If you read 2Summers regularly, you know I have transport issues. I’ve been living in car-centric Joburg for two years and have never owned a car. I get around by walking, cycling, begging rides, and borrowing cars from friends. When I get really desperate, I call Rent-a-Wreck.

Rent-a-Wreck is exactly what is sounds like: a place where you can rent old cars for cheap. I’ve written about Rent-a-Wreck before  so I won’t go into detail. I’m one of Rent-a-Wreck’s best customers.

I’ve got a new (old) Wreck this week — a fire-engine-red Ford Laser. Let’s call him Flash.

Meet Flash. For some reason, Rent-a-Wrecks look nicer in photos than they do in real life.

Flash’s interior light is broken. His radio barely works. He takes several tries to start in the morning. In other words, Flash is pretty much the same as all the other Wrecks I’ve rented. Except for one notable difference.

Flash is a MANUAL. That’s a stick-shift to you Americans.

You Americans might not be aware of this, but the rest of the world still drives manual. In South Africa, automatic-transmission cars are nearly impossible to come by. People often look at me as if I have two heads when I say I don’t drive manual. Either that, or they give me the patronizing, “Well, that’s because you’re A-MER-i-can” look.

I can’t say why it has taken me so long to address this situation. I know many other people who have come here from America and learned to drive manual without serious incident. I realize that I’m perfectly capable of learning too. And there are very few things in life that scare me anymore. I can take pretty much anything that’s thrown at me.

Yet I put off driving manual for months after I moved here. The months became years. I developed a total complex about it. I did try driving manual once or twice last year, when Jon had a manual hire car for a few days. It didn’t go well. Jon got so tense that he actually put on his seatbelt. It was the only time in five years of knowing Jon that I saw him buckle up.

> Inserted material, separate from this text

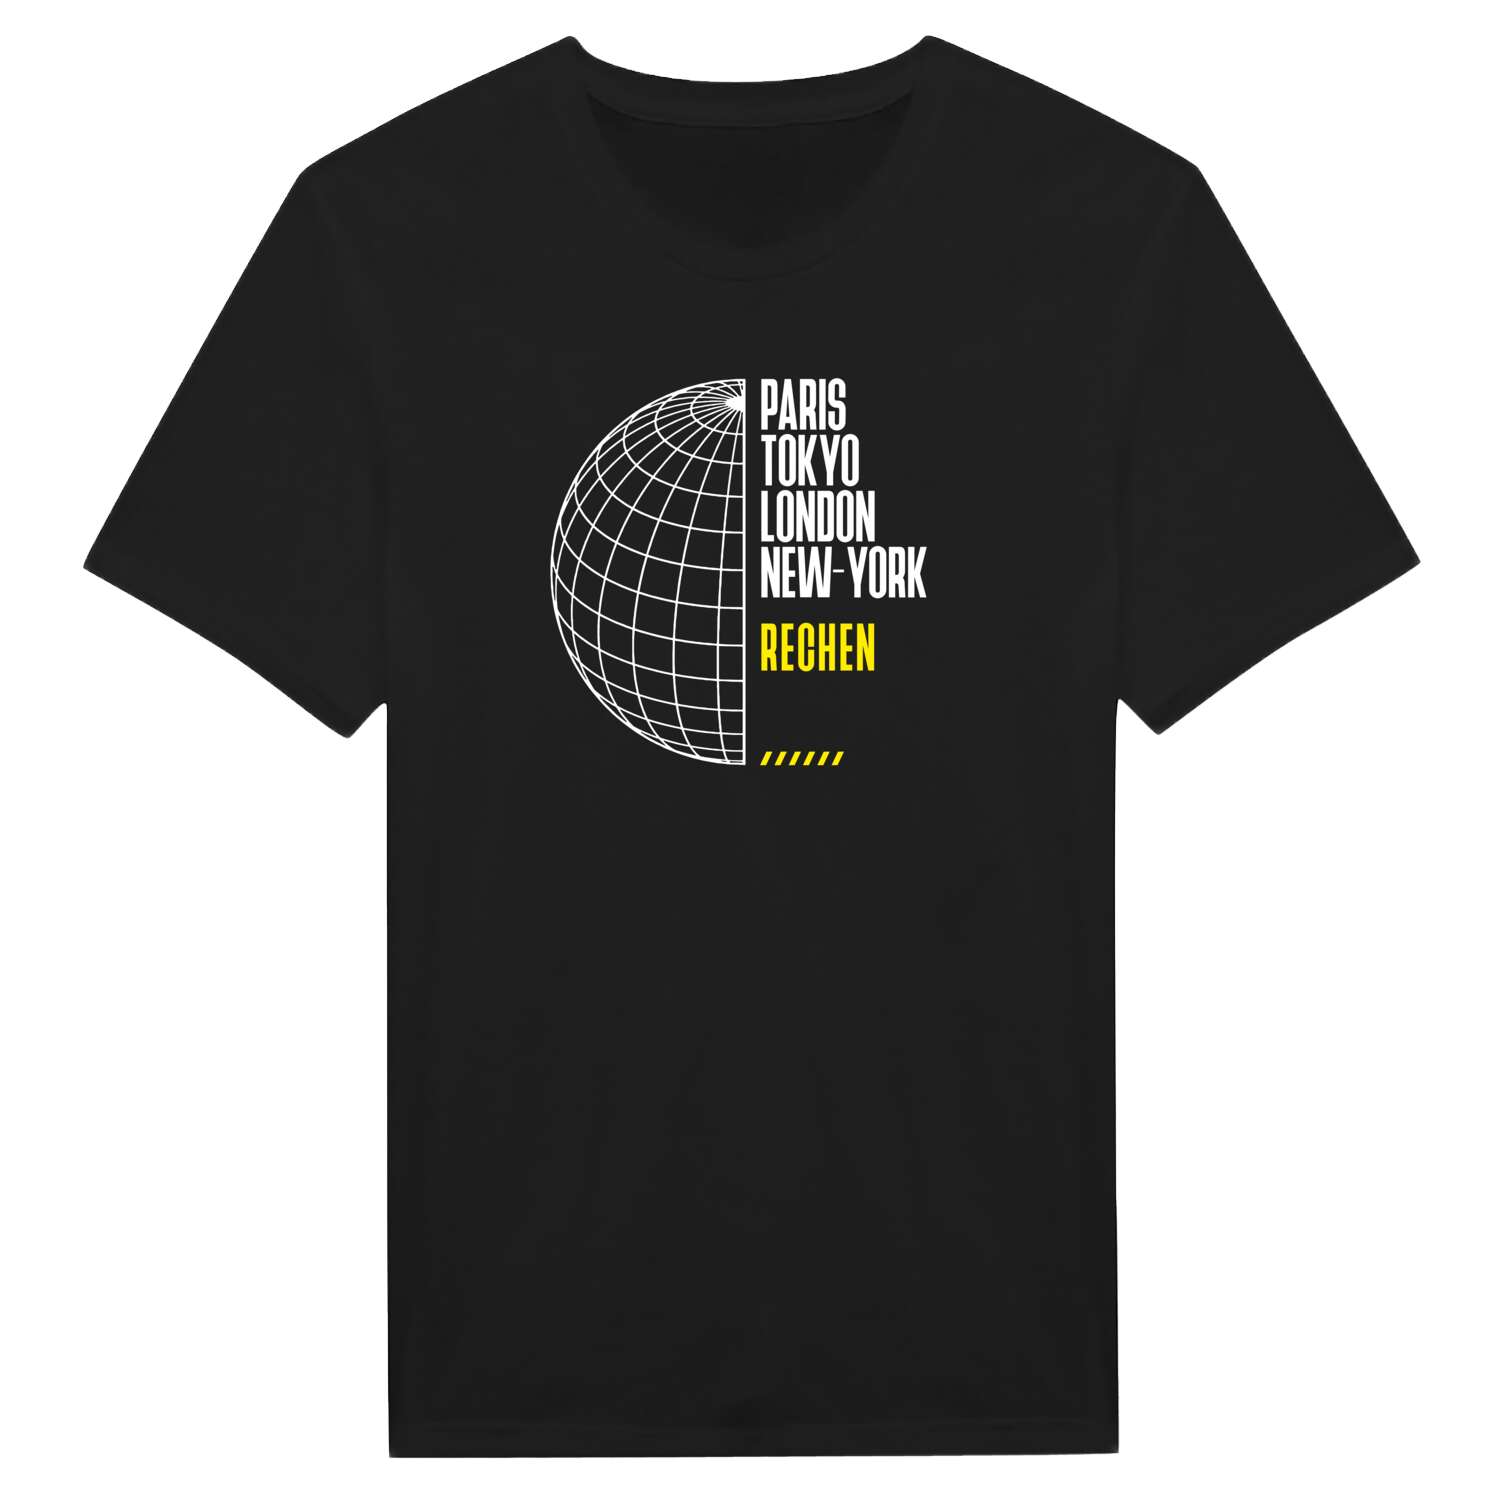 Rechen T-Shirt »Paris Tokyo London«

My non-manual driving situation reached the height of lunacy over this past month, when I was traveling a lot for work and needed to rent several cars. I had to remind my client repeatedly that I needed the rentals to be automatic. It was embarrassing.

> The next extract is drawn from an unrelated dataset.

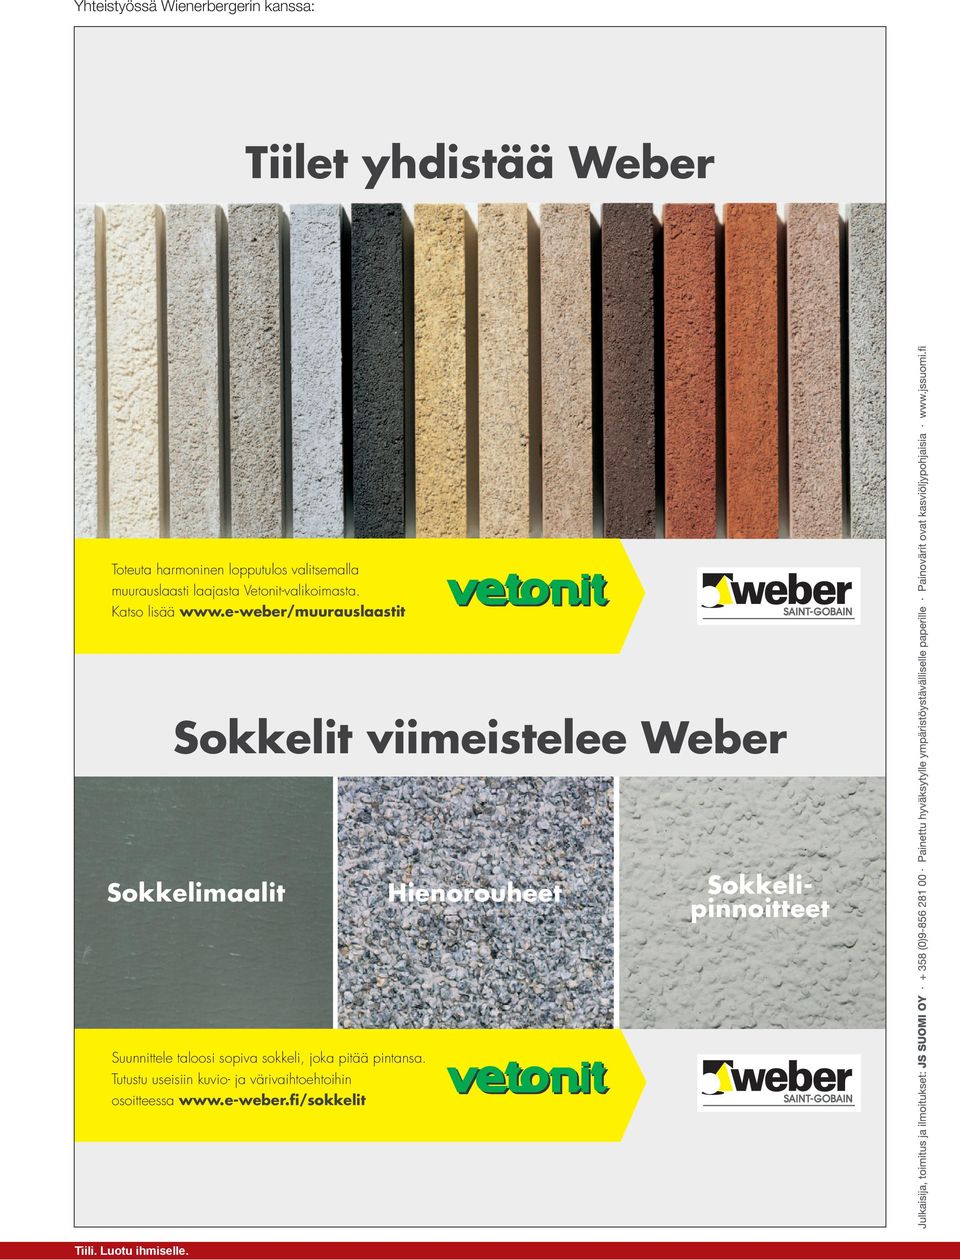 e-weber/muurauslaastit Sokkelit viimeistelee Weber Sokkelimaalit Hienorouheet Sokkelipinnoitteet Suunnittele taloosi

This weekend, when I returned from my last road trip, I ran out of excuses. I bemoaned my shifting phobia to a friend over lunch. She offered to give me a lesson; I reluctantly agreed. We went for a spin around Melville and it wasn’t half as bad as I remembered. Two days later, I called Rent-a-Wreck and got Flash.

It took me an hour or two to work up the courage to drive Flash after he arrived at my house. I had never driven manual alone before. I was tortured by images of myself stranded inside Flash on a steep uphill, with angry drivers honking (that’s hooting to you South Africans) and giving me the finger as they drove around me.

I erased those images from my mind and stepped purposefully into Flash. I thought through all the steps I’d learned. I turned the ignition and Flash spluttered to life. I pushed in the clutch and shifted into reverse. In a squeal of burning rubber, Flash lurched from the garage. It took a few tries, but I got him into first gear. We were off.

That was two and a half days ago. I’ve driven all about town since then — to meetings and coffee dates, and even to boxing training in Hillbrow. It hasn’t been pretty and the ride hasn’t been smooth. I’ve stalled out many times, including two separate instances on the hill in Melville outside the Service Station, in which the traffic light changed at least four times before I was able to get through it. (If you’ve ever driven in this area, you know the hill I’m talking about. It’s a manual-learner’s worst nightmare, and it’s just around the corner from my house.)

I’ve been honked at a few times, and people have driven around me. But you know what I realized? I don’t care. I’m way too pleased with myself to give a sh*t what others think. And to be honest, most drivers are way more patient than I expected. Even in Hillbrow.

George, my boxing coach, helps me celebrate Flash’s arrival in Hillbrow this morning. (Photo: Anita Powell)

This might sound silly considering everything I’ve been through since moving here. But learning to drive Flash has been one of my greatest accomplishments in South Africa. I’m sure I’ll stall out again tomorrow, and probably again the next day. But that won’t make me any less of a bad-ass.

I love you, Flash. Although I wish your rear-view mirror would stay in place. And please, please stop dying on me in front of the Service Station. Thanks.